A Cross-Dataset Study to analyse Cognitive Load
Transformer-based deep learning models have emerged as a powerful tool for detecting cognitive load from voice, offering significant promise for healthcare applications where data scarcity remains a critical limitation. In this project, we were able to demonstrate that wav2vec 2.0 architectures achieve state-of-the-art performance on established benchmarks while requiring substantially less training data than traditional deep learning methods typically demand.
In the scope of the EatMaps project, we recorded a custom dataset specifically designed to assess model generalisability across different laboratory settings and participant populations. This dataset comprises voice recordings from twelve participants performing cognitive load-inducing tasks including reading span exercises and Stroop tests with varying difficulty levels, accompanied by subjective workload assessments using the NASA Task Load Index questionnaire. The custom dataset encompasses 319 audio files totalling 33 minutes of speech, providing a controlled comparison point to the established Cognitive Load with Speech and EGG (CLSE) dataset. Notably, all recordings were conducted under professional conditions with consistent audio specifications, enabling rigorous cross-corpus evaluation of model robustness and generalisability.

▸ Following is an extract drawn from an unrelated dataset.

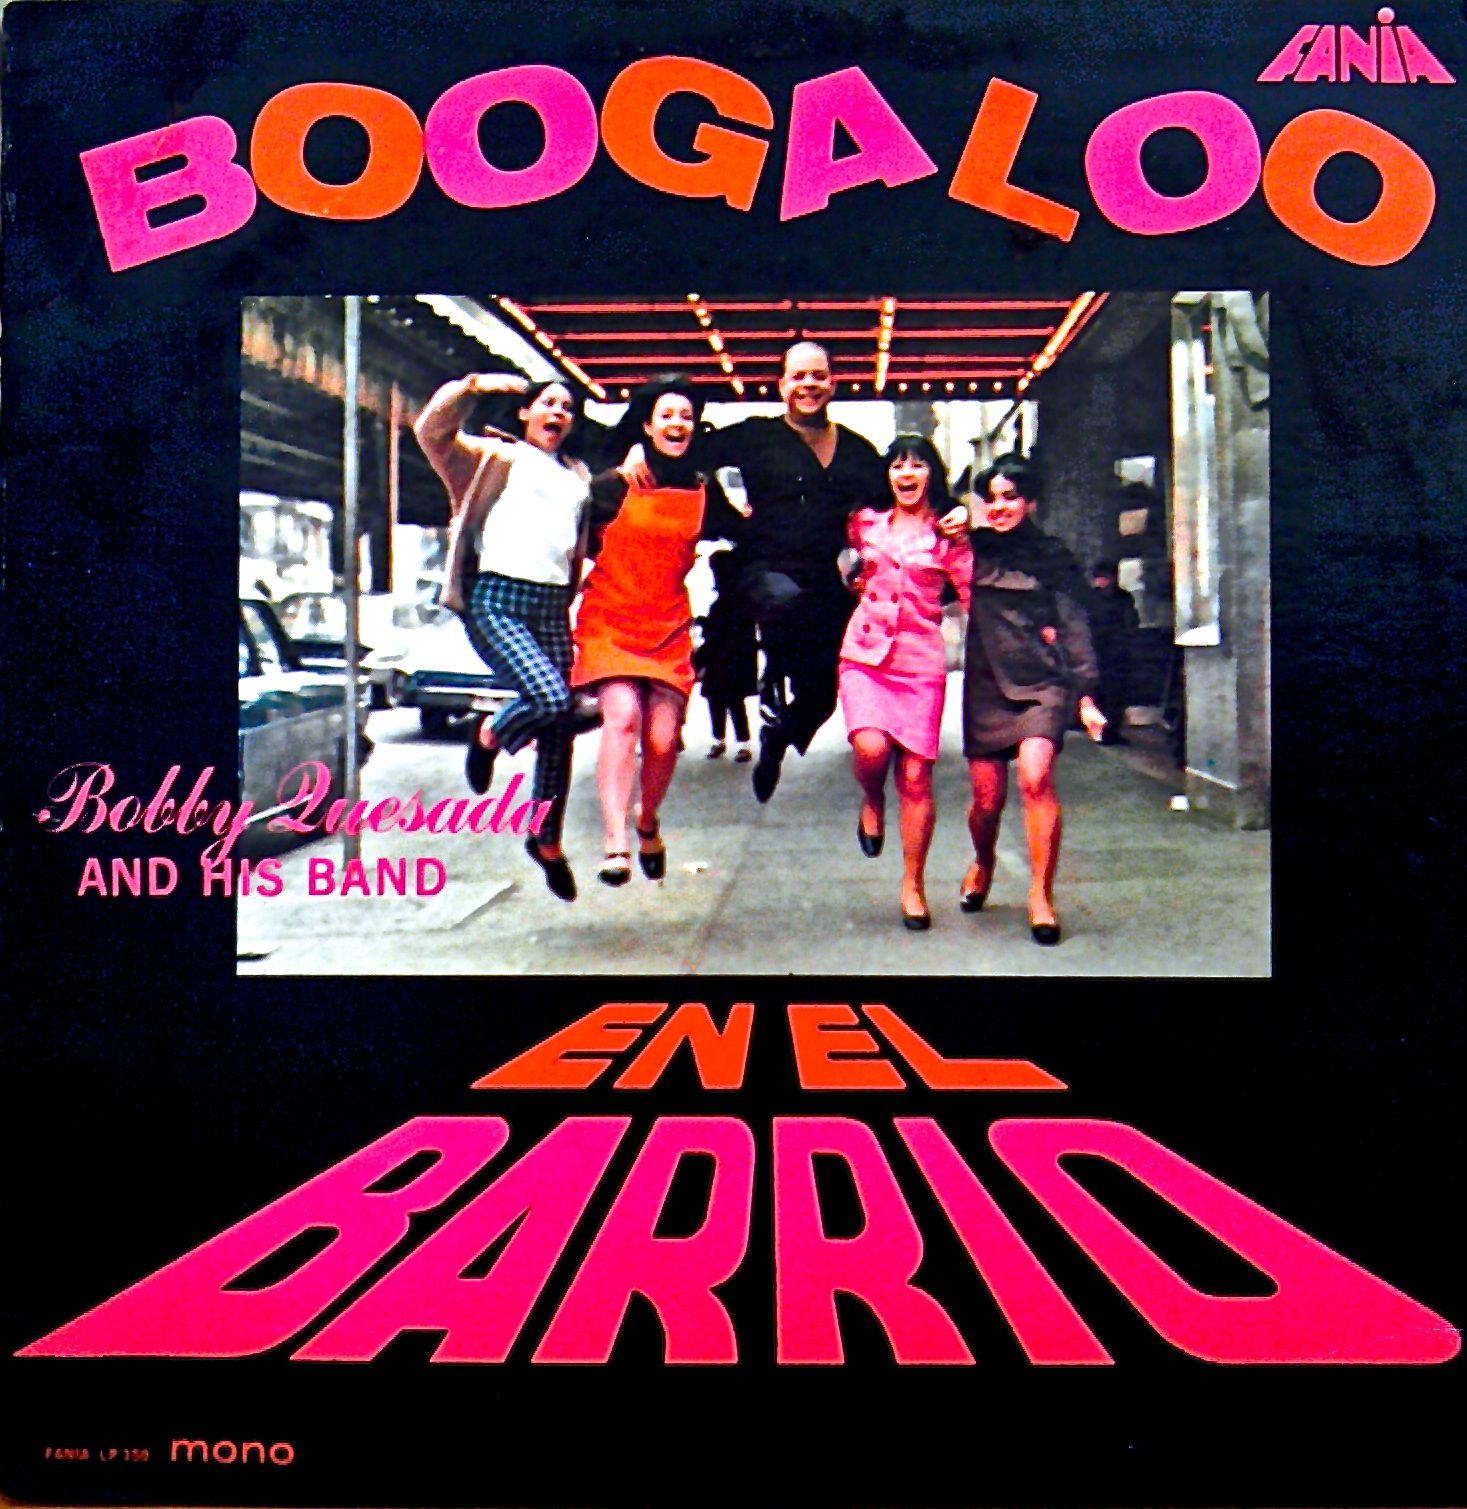 1969 Boogaloo En El Barrio / Bobby Quesada And His Orchestra  (Fania Records Gold Label Mono LP-350)

A critical discovery from this work concerns the challenges of achieving model performance consistency across datasets, even when experimental protocols are intentionally designed for comparability. While transformer models achieved 72.9% Unweighted Average Recall on the CLSE benchmark, their performance on the custom dataset fell to chance level, suggesting potential label mismatches related to the degree of cognitive load induced rather than acoustic recording differences. This finding highlights the importance of precise task implementation and careful validation of workload induction mechanisms when collecting new datasets, as subtle variations in experimental design can fundamentally affect model transferability. Our dataset revealed high inter-participant variability in subjective workload ratings (standard deviation of 15–16 points) and demonstrated that visual embedding analysis separated CLSE samples by cognitive load class while clustering custom dataset samples indiscriminately, indicating dataset-specific rather than universal acoustic-cognitive relationships.
These findings underscore the value of our data collection efforts for computational paralinguistics research and signal important implications for future dataset development in speech-based mental wellbeing and healthcare applications. The custom dataset's contribution extends beyond immediate model performance, as it provides an authentic case study demonstrating that future data collection should prioritize rigorous standardization of cognitive load induction procedures, objective validation of workload levels, and systematic documentation of methodological differences from existing corpora.
Hecker, P., Kappattanavar, A. M., Schmitt, M., Moontaha, S., Wagner, J., Eyben, F., Schuller, B. W., & Arnrich, B. (2022). Quantifying cognitive load from voice using transformer-based models and a cross-dataset evaluation. In *2022 21st IEEE International Conference on Machine Learning and Applications (ICMLA)* (pp. 337–344).